Further, in the deep temperature probe of the deep temperature measuring device of JP 2007-315917 A, as illustrated in FIG. 25, the metallic material portion 401 and the rigid foamed material 411 being the heat insulating material having different thicknesses are stacked one on the other, each of which is integrally formed with a plurality of IC tags, and hence the outer shape of the deep temperature probe is large and thick, which makes it difficult to continuously attach the probe to the subject. Further, the probe costs high because all functional parts including the IC tags are integrally formed, and hence disposal thereof after one use by being attached to the subject for the purpose of infection prevention or the like leads to a problem of excessive cost.
Further, in recent years, in order to continuously observe the patient's condition and immediately handle an abrupt change in the condition, there is a demand for the body temperature measurement that enables the body temperature of the patient to be continuously measured twenty-four hours a day and progress of the body temperature to be continuously grasped and stored. However, with the clinical thermometers of JP 09-126905 A and JP 2002-372464 A, even if the temperature sensing element can be continuously attached to the patient, the reading and recording of the body temperature need to be performed by the measurer beside the patient at every time in the same manner as in the conventional technology, thereby making it extremely difficult to correspond to the continuous measurement of the body temperature twenty-four hours a day.

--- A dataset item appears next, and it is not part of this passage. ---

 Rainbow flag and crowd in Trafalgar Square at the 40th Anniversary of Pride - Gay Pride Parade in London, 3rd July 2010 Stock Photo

Further, in the same manner, in the body temperature measuring system of JP 2010-197244 A, even if the wireless tag is continuously attached to the body of the subject, the actual body temperature measurement makes it necessary for the measurer to bring the data reader into close proximity to the wireless tag and perform a measurement operation, thereby making it extremely difficult to continuously measure the body temperature of the subject twenty-four hours a day.

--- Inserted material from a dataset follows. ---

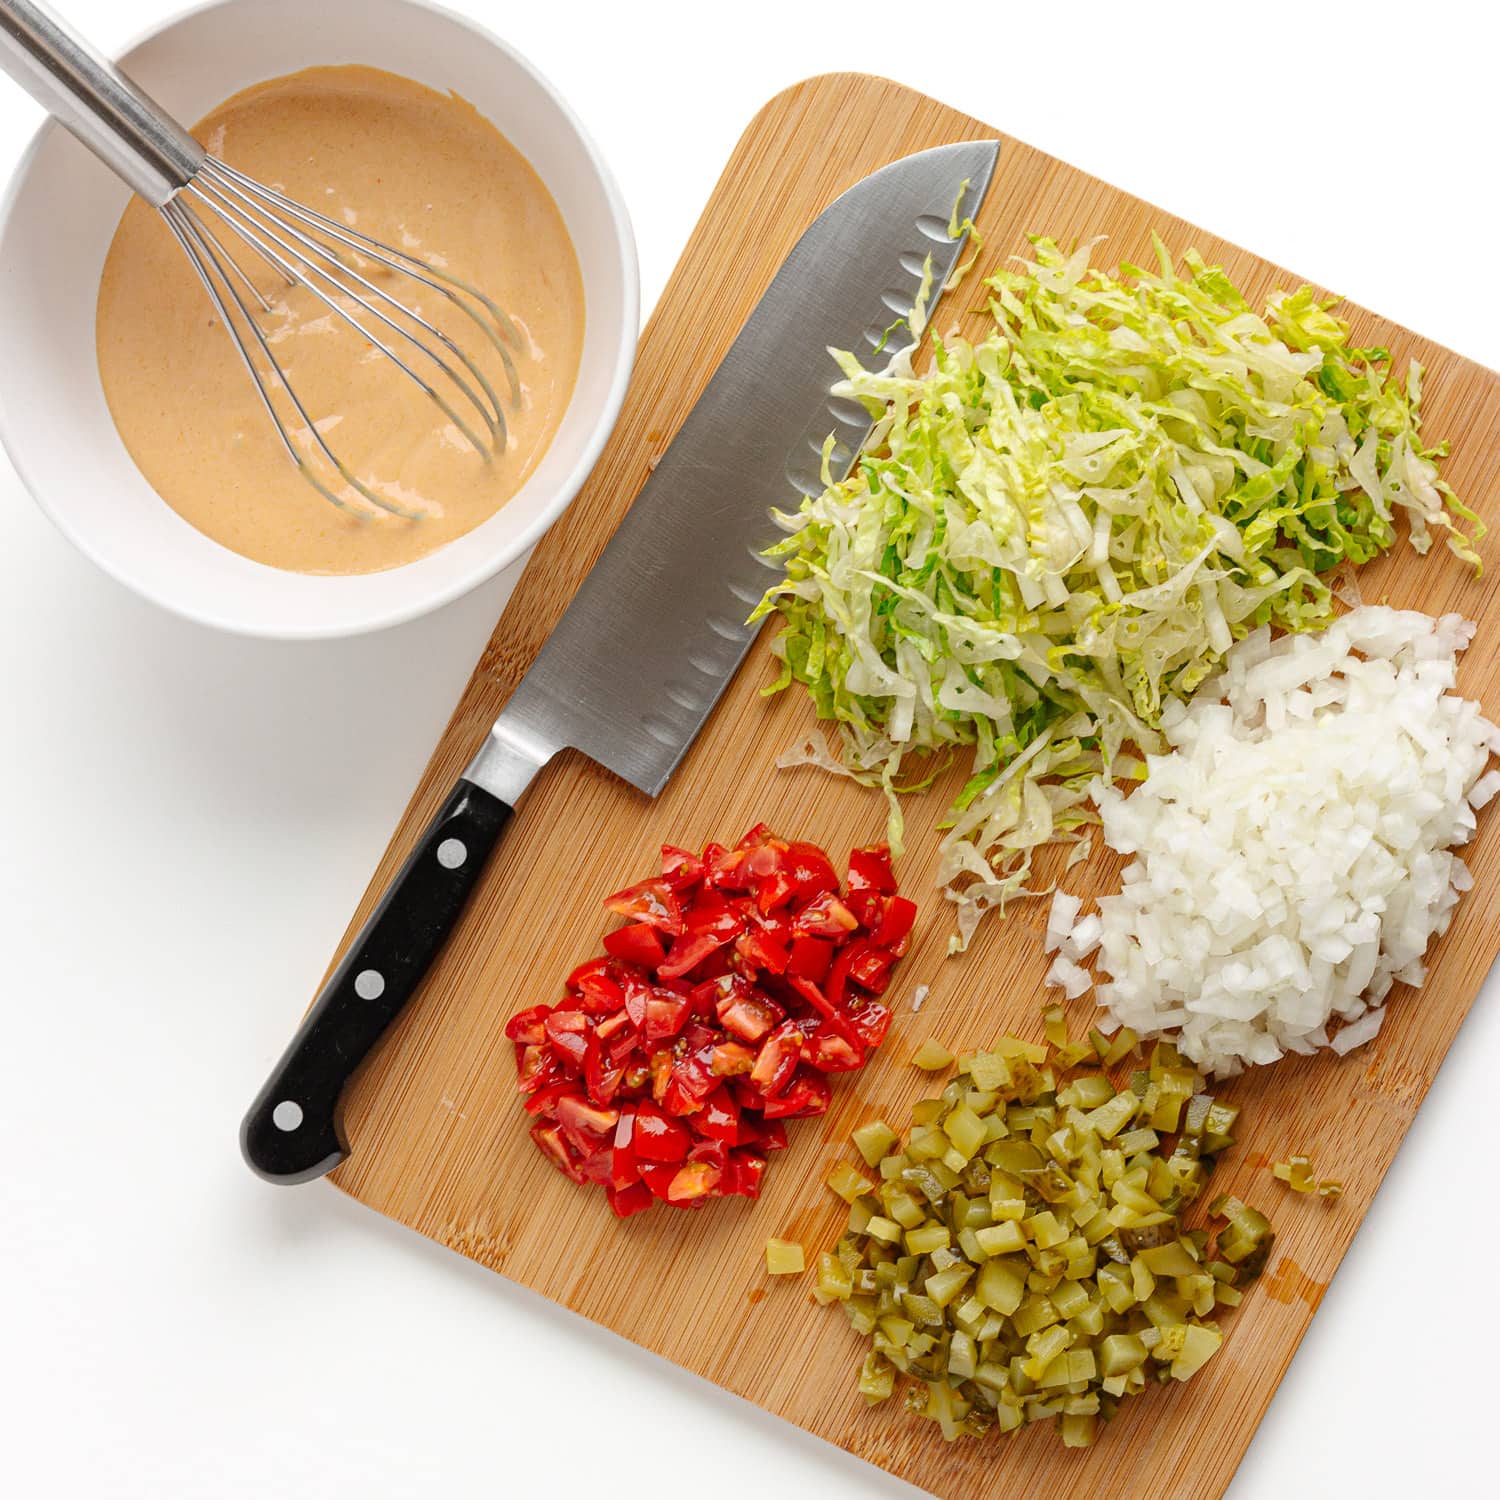 Homemade burger sauce in white bowl with whisk next to cutting board with prepped burger toppings (shredded lettuce, chopped onions, pickles and tomatoes).

Further, in the same manner, in the deep temperature measuring device of JP 2007-315917 A, the deep temperature probe needs to be manufactured into a considerably small size in order to be continuously attached to the subject. However, even if the probe can be manufactured into a small size, it is assumed that a wireless communication distance from the external communication device becomes extremely short due to a restriction on an antenna or a restriction on battery capacity, and the actual body temperature measurement makes it necessary for the measurer to bring a communication device into close proximity to the deep temperature probe and perform the measurement operation. Therefore, it is practically difficult to continuously measure the body temperature of the subject twenty-four hours a day.